«ЖЕЛЕЗНЫЙ ВЕК»

We use cookies. Read the Privacy and Cookie Policy

«ЖЕЛЕЗНЫЙ

ВЕК»

Итак, Петросян занял второе место, опередив многих известных мастеров. Это уже был по-настоящему крупный успех. О его игре, шутка сказать, с похвалой отозвался сам чемпион мира Ботвинник! Выдав весьма лестные комплименты победителю полуфинала Ефиму Геллеру, Ботвинник затем заявил: «То же примерно можно сказать о молодых Петросяне и Холмове. У всех троих есть одно общее — они непрерывно совершенствуются».

Непрерывно совершенствуются… Тигран не раз мучительно задумывался над тем, как ему совершенствоваться в Ереване, где у него уже не было равных соперников. Иногда он ловил себя на мысли, что готов уехать из Еревана, хотя и понимал, что не все здесь одобрят этот шаг. Но друзья, самые верные, самые надежные, поймут его — в этом Петросян не сомневался. И когда ему предложили переехать в Москву, он согласился.

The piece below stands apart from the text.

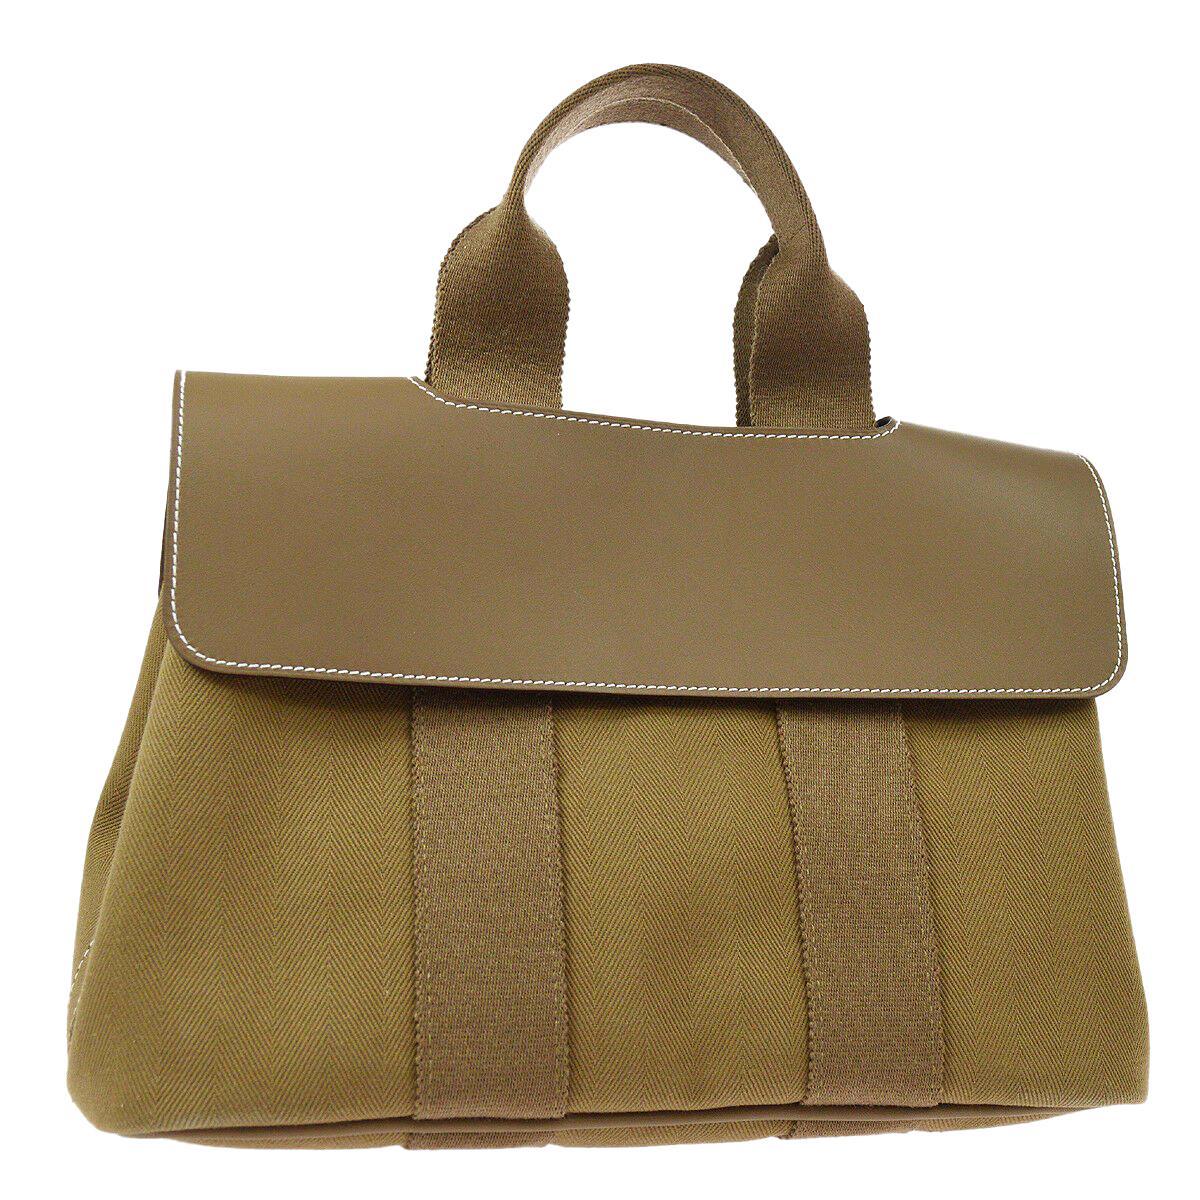 00047f458fd Vintage Hermès Handbags and Purses - 2

Он приехал в Москву в конце 1949 года в легком пальтишке, в летних туфлях и с несколькими шахматными книжками под мышкой — это было все его имущество. Шахматный Растиньяк приехал завоевывать Москву, даже и не подозревая о том, что завоюет когда-нибудь весь мир. Он не очень-то верил в свое счастье, тем более что его дебют в финале чемпионата никак нельзя было считать удачей — Петросян занял шестнадцатое место при двадцати участниках.

Впрочем, начало предвещало еще более горькую участь. Турнир проходил в Центральном Доме культуры железнодорожников. Тигран сидел на сцене и поеживался. То ему казалось, что все зрители смотрят на него, самого молодого из участников, то его вдруг охватывало оцепенение, когда он видел рядом с собой Кереса, Флора, Бронштейна, Смыслова, Болеславского, Левенфиша, Лилиенталя, Котова… Подумать только, он принят в это блестящее общество как равный.

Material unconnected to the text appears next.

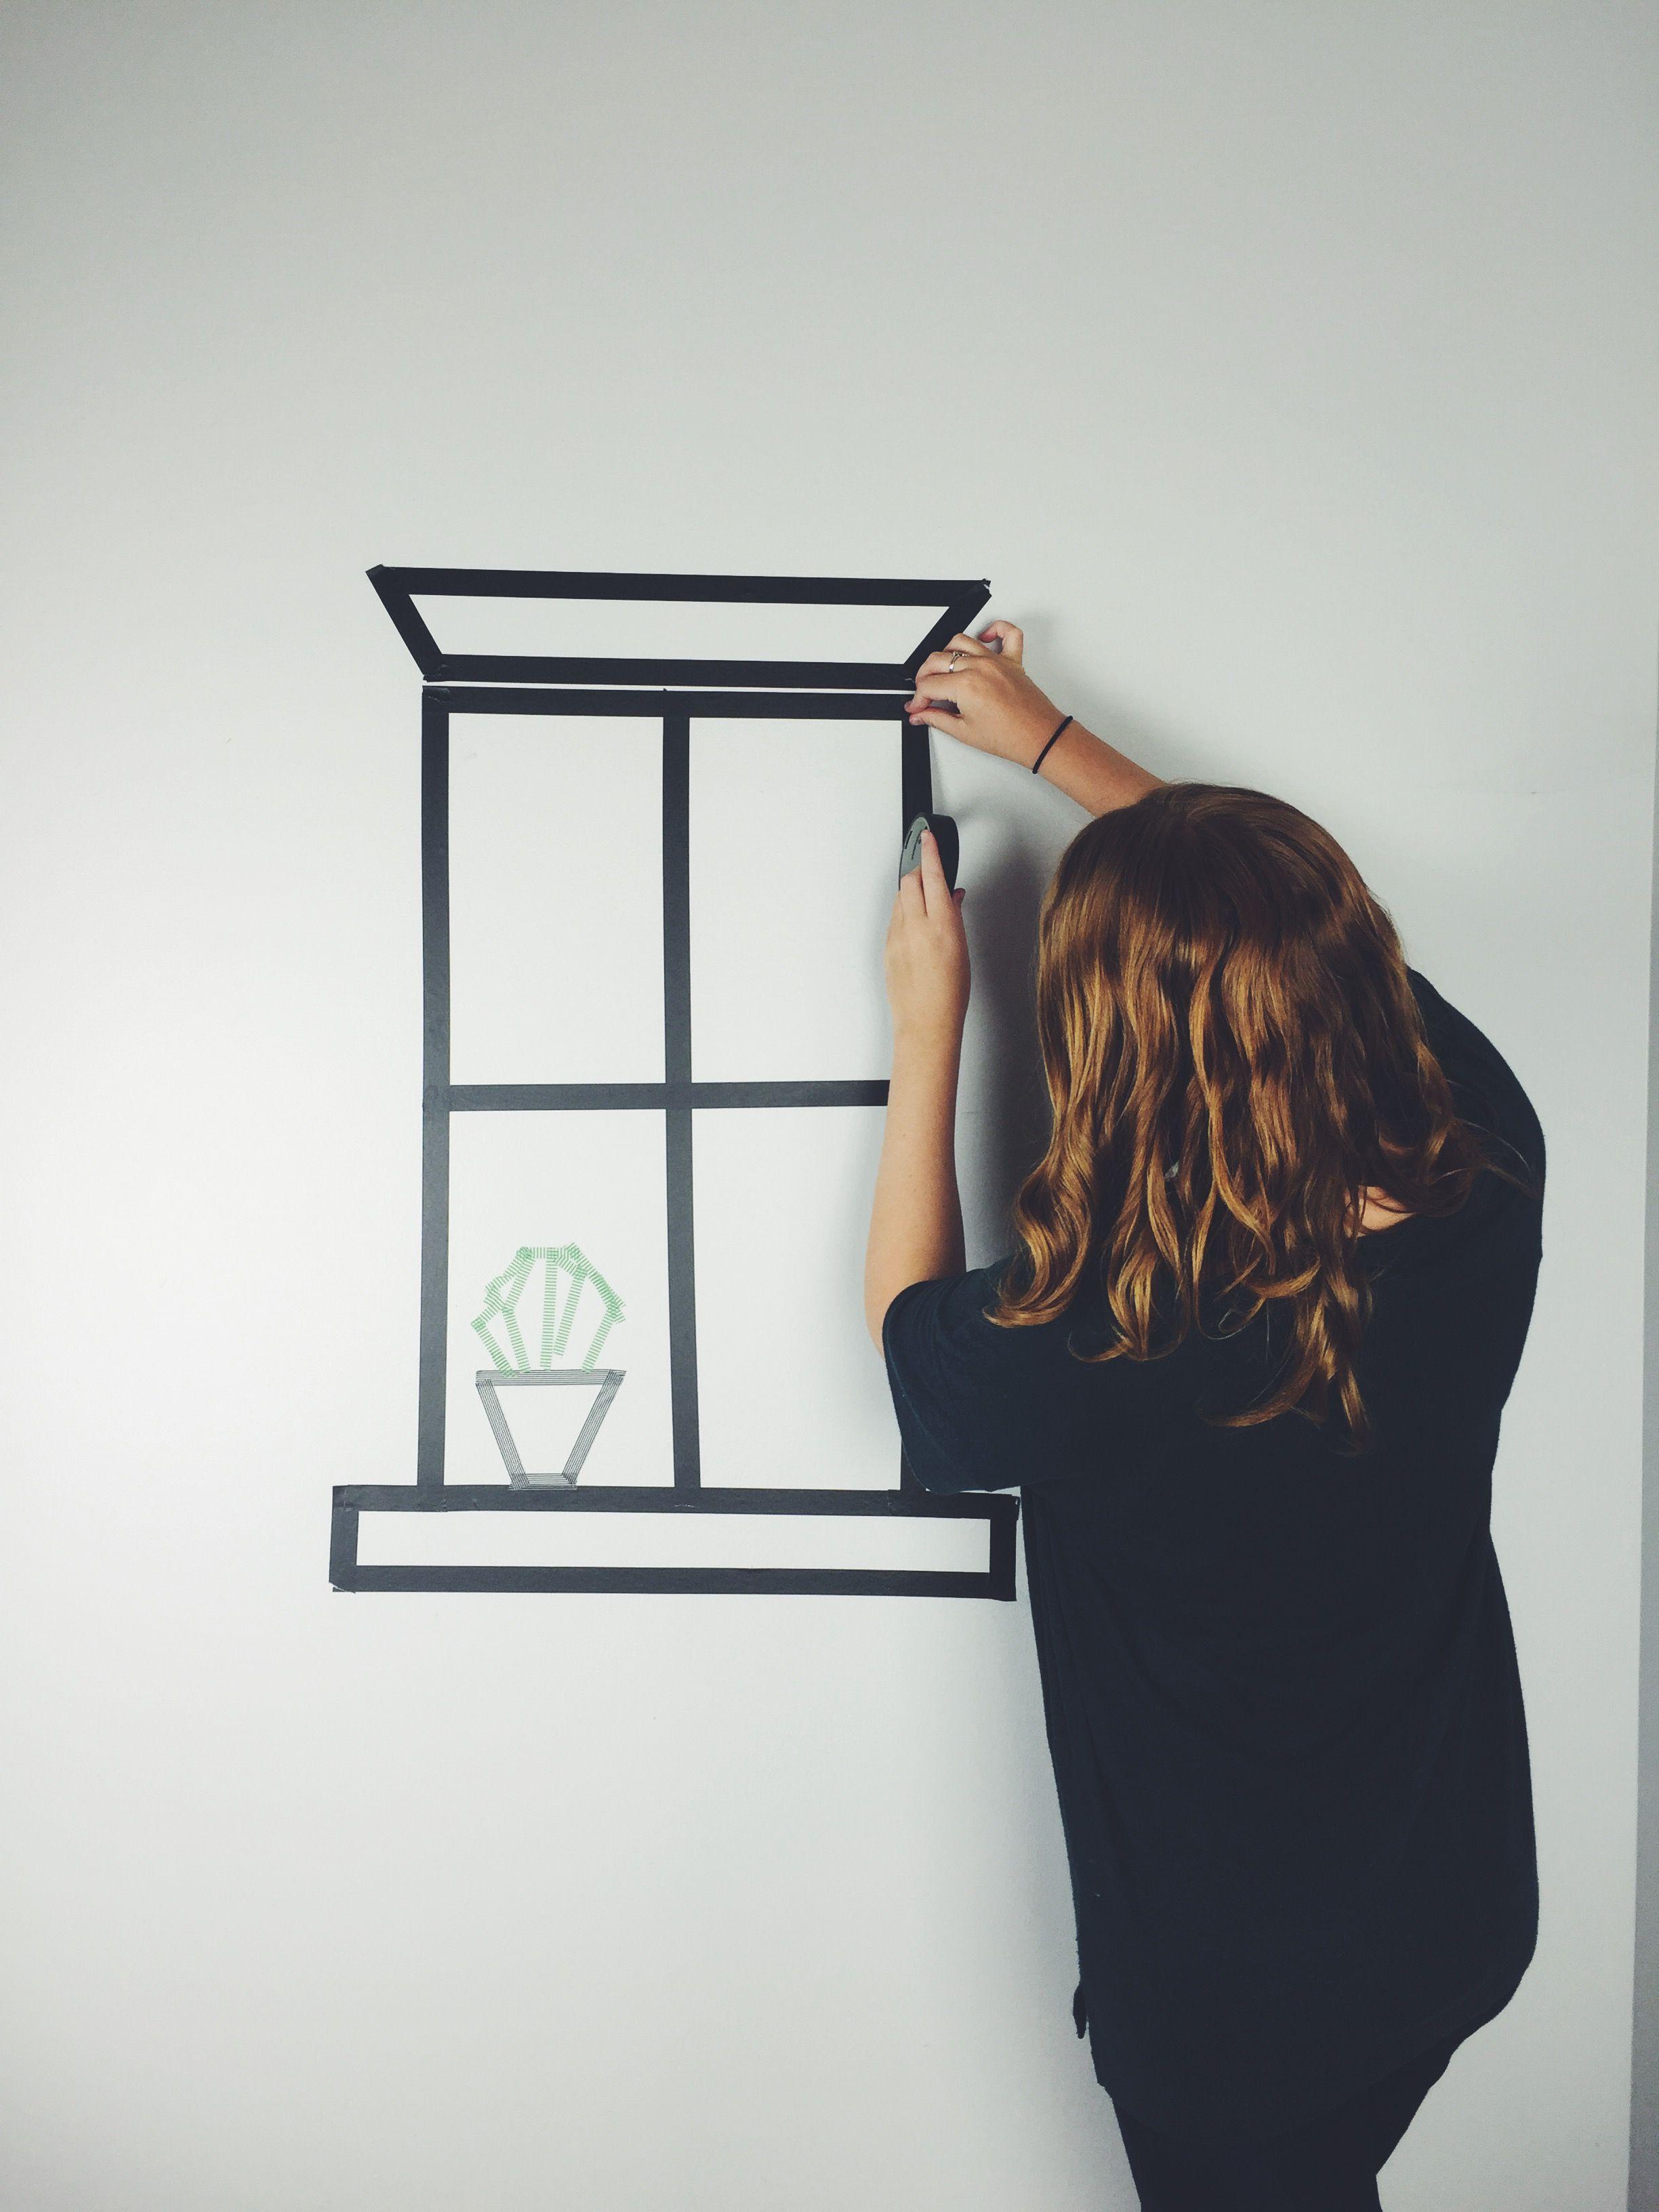 Dorm Wall Art: Washi Tape Windows | Tape wall art, Washi tape wall ...

Как равный? Это, впрочем, еще надо было доказать. Уважаемые гроссмейстеры признают «своим» лишь того, кто умеет давать сдачи. В этом турнире Петросян сначала только «получал». И не удивительно. Тигран с его почтением к именам просто не мог вот так, сразу внутренне осознать, что имеет моральное право играть в финале чемпионата СССР вместе с гроссмейстерами…

Первым его противником был Котов. Тигран настолько разволновался, что уже в дебюте совершил элементарную ошибку, от которой сам не раз предостерегал юных шахматистов в Ереванском Дворце пионеров. Сделав двенадцать ходов, Тигран сдался. Он мог с таким же успехом сдаться и после седьмого хода…

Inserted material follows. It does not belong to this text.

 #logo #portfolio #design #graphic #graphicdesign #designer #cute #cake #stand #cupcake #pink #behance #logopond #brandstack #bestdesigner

Потом он встретился со Смысловым. После конфуза в первой встрече Тигран вел эту партию в состоянии близком к тому, которое у боксеров называется «грогги». Но здесь, помимо прочего, он еще и получил хороший урок позиционного мастерства. Играя белыми, Петросян образовал у Смыслова отсталую пешку в центре и стал на нее давить. Это было вполне по правилам. Тигран все свои расчеты построил на том, что эта пешка будет хроническим дефектом позиции черных.

И вдруг эта слабая, действительно слабая пешка двинулась вперед! Оказалось, что в ней была скрыта какая-то внутренняя динамика. Продолжая сравнение с боксом, я бы сказал, что подобно тому, как боксер, прижатый к канатам, делает вдруг рывок вперед, так и эта пешка, казавшаяся такой слабой, вдруг протаранила центр белых.

Для Петросяна подобная стратегия была откровением, он, оказывается, оценивал такие позиции несколько механически, не улавливая заложенной в них потенциальной энергии. Уже потом Тигран вспомнил, что Нимцович учил: при неверном ведении позиционной осады противник прорывает фронт именно на сильном участке. В шахматах рвется там, где толсто! И выходит, Смыслов играл по Нимцовичу. Значит, все верно, иначе не могло и быть.

И третий противник — Флор не дал Петросяну пощады. Обычно спокойный и миролюбивый, он, после того как Тигран допустил стратегический промах в дебюте, кинулся на позицию черного короля и разорвал ее в клочья. Единственное, что удалось Тиграну, — это отложить партию. Доигрывать ее он не стал.

Тигран молил судьбу о передышке, и казалось, теперь-то уж он мог получить ее: в четвертом туре ему предстояло играть с молодым мастером Геллером. Но на беду Петросяна, Геллер после поражений в первых двух турах начал набирать стремительную скорость.

Четыре поражения в четырех турах! Не хватит ли? Но злая турнирная судьба Тиграна не насытилась этими жертвами и потребовала еще одну, пятую подряд. На этот раз в роли экзекутора выступил Керес. Эта партия была из тех, которые принято называть цельными: гроссмейстер белыми получил по дебюту более свободную игру, затем стеснил фигуры соперника и, как следствие всего этого, создал неотразимую атаку на короля.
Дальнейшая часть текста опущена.